From Socialist Human Rights Theory to Practice

The similarities and differences among the US, Europe, and China, then, can be understood as a function of focus, and an implementation structure better aligned to the Chinese Marxist-Leninist political model.  For example, the  Chinese Companies Law Art.5 provides that companies bear social responsibilities.  Much of the differences in approach lie at the margins. This has been especially apparent in the way in which Chinese State Owned Enterprises operate outside of China. They align their operations to the guidance and policy priorities of the State, but at the same time  adhere to a principle of strict compliance with local law, and risk avoidance, including human rights risk. Yet to that end, Chinese SOEs will prioritize development and majority interests, and in balancing human rights interests will tend to adjust that balancing between prevention, mitigation, and remedy in context. (Discussion and examples in my essay “Chinese State-Owned Companies and Investment in Latin America and Europe” (2024 forthcoming)  Draft verson here).

More recently Environmental, Social and Governance (ESG) and ESG reporting standards have provided a vehicle for operationalization of those responsibilities. Much of this has been undertaken through China Securities Regulatory Commission (CSRC) and the stock exchanges. In 2018 CSRC added ESG to its Corporate Governance Guideline (encouraging listed entities to comply with ESG requirements; ¶ 86 “While maintaining the listed company’s development and maximizing the benefits of shareholders, the company shall be concerned with the welfare, environmental protection and public interests of the community in which it resides, and shall pay attention to the company’s social responsibilities.”). In 2021 CSRC adopted rules on ESG reporting in the annual report of listed companies, and reformed the  scope of disclosure to include environmental emissions, administrative penalties for breach of environmental regulations, measures for reducing carbon emissions, and donations or other actions that reduce poverty, and so on. In February 2024, the Shanghai, Shenzhen, and Beijing Stock Exchanges announced  mandatory sustainability reporting requirements. As reported in ESG Today, “reporting requirements for companies will encompass four “core content” topics, including governance, strategy, impact, risk and opportunity management, and indicators and goals. . . adopting a “double materiality” approach to sustainability reporting, . . the risks and impact of sustainability issues on an enterprise, as well as on the enterprises’ impacts on environment and society.”

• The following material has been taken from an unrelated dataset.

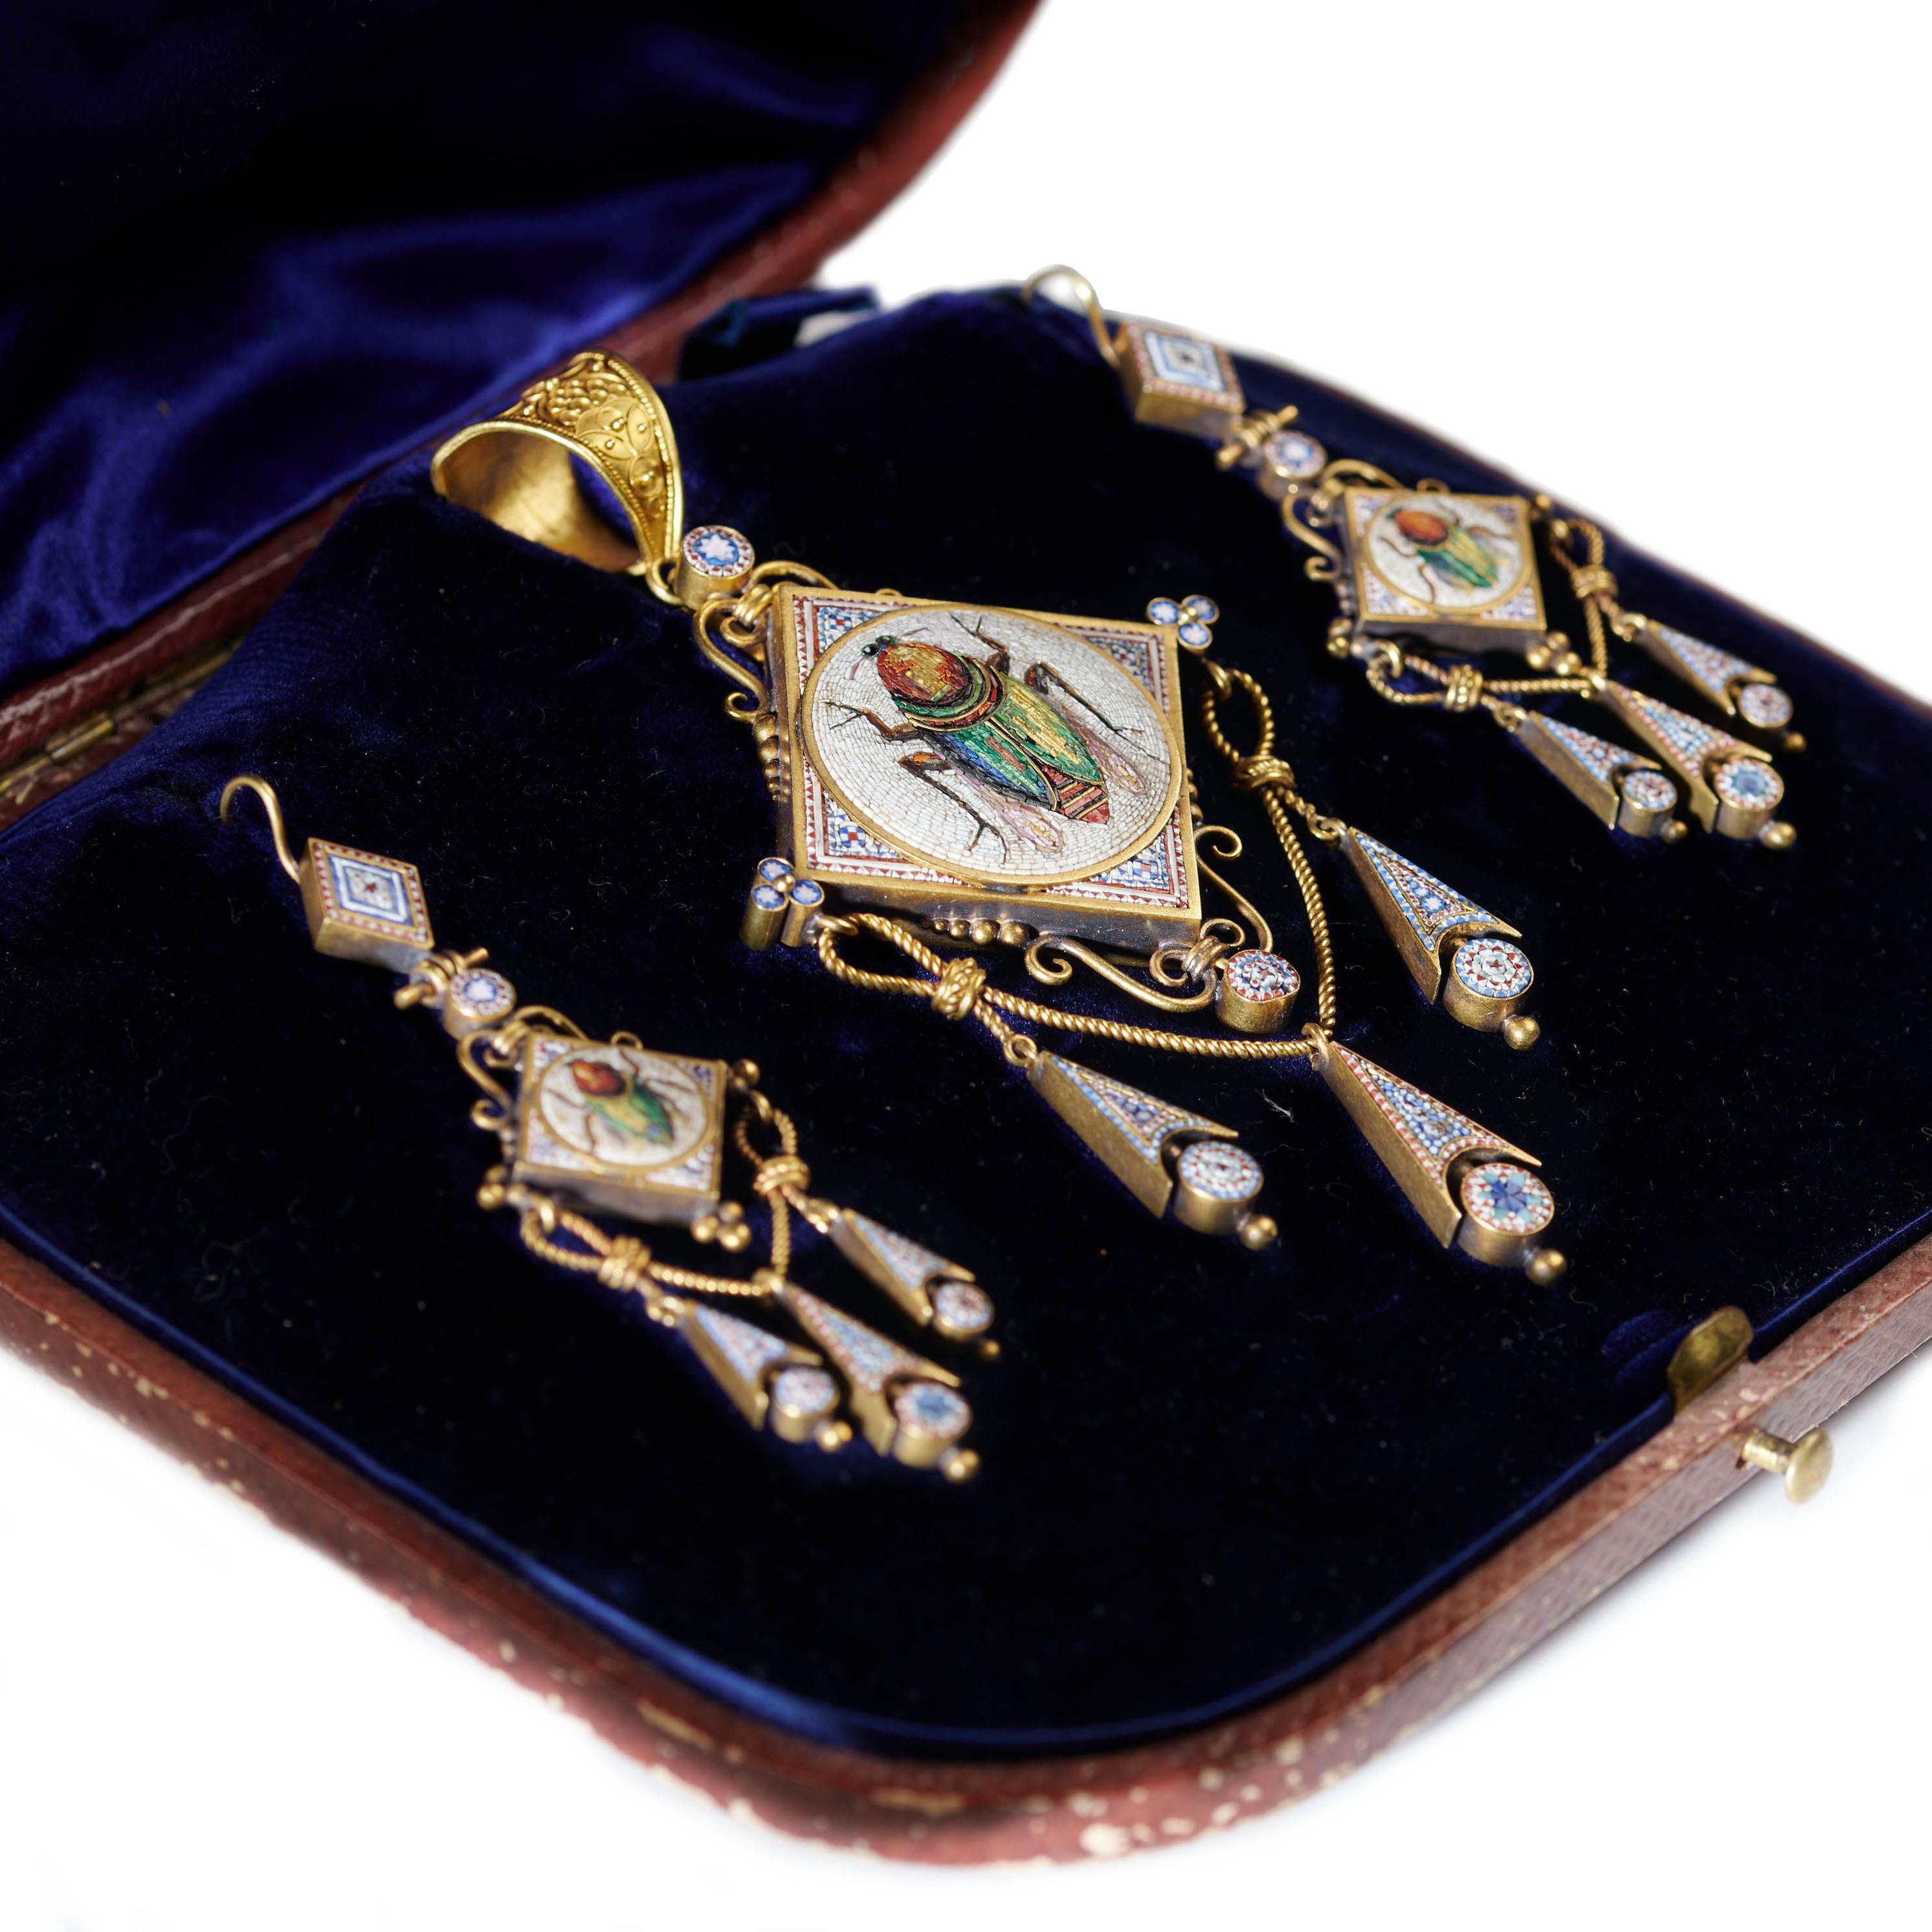 Women's Antique Italian Micromosaic Gold Brooch-Pendant And Earrings Suite, Circa 1840 For Sale

 Informal standards with substantial influence are also being developed along the same lines. For example, CERDS (China Enterprise Reform and Development Society) developed ESG disclosure standards: the “Guidance for Enterprise ESG Disclosure” (“企业 ESG 披露指南”, the “ESG Disclosure Standards (compare EU standards here). What remains central to the practice of human rights is the hierarchical nature of rights and the importance of the local context in which it is to be applied. Development stands at the core of Socialist Path human Rights. Collective benefit follows. Compliance with local law is essential, but often read as far as possible to advance the core  driving elements of rights. In many respects Socialist and liberal democratic solutions will be similar.  But the pathways to a convergence of result belie the sometimes quite different routes taken to that point.

Parting Thoughts

Though one might be tepted to argue that it was never never entirely eradicated, human rights with ideological characteristics and national effects have returned as a more formal propsition. This return reflects three emerging and quite distinct approaches to human rights governance between the USChina, and Europe. The divergences will affect everything from the use and forms of human rights due diligence, to the balancing of human rights and sustainability values, to the risk assessment around principles of preventing, mitigating, and remedying adverse human rights impacts. China provides a quite useful and important example of these developments.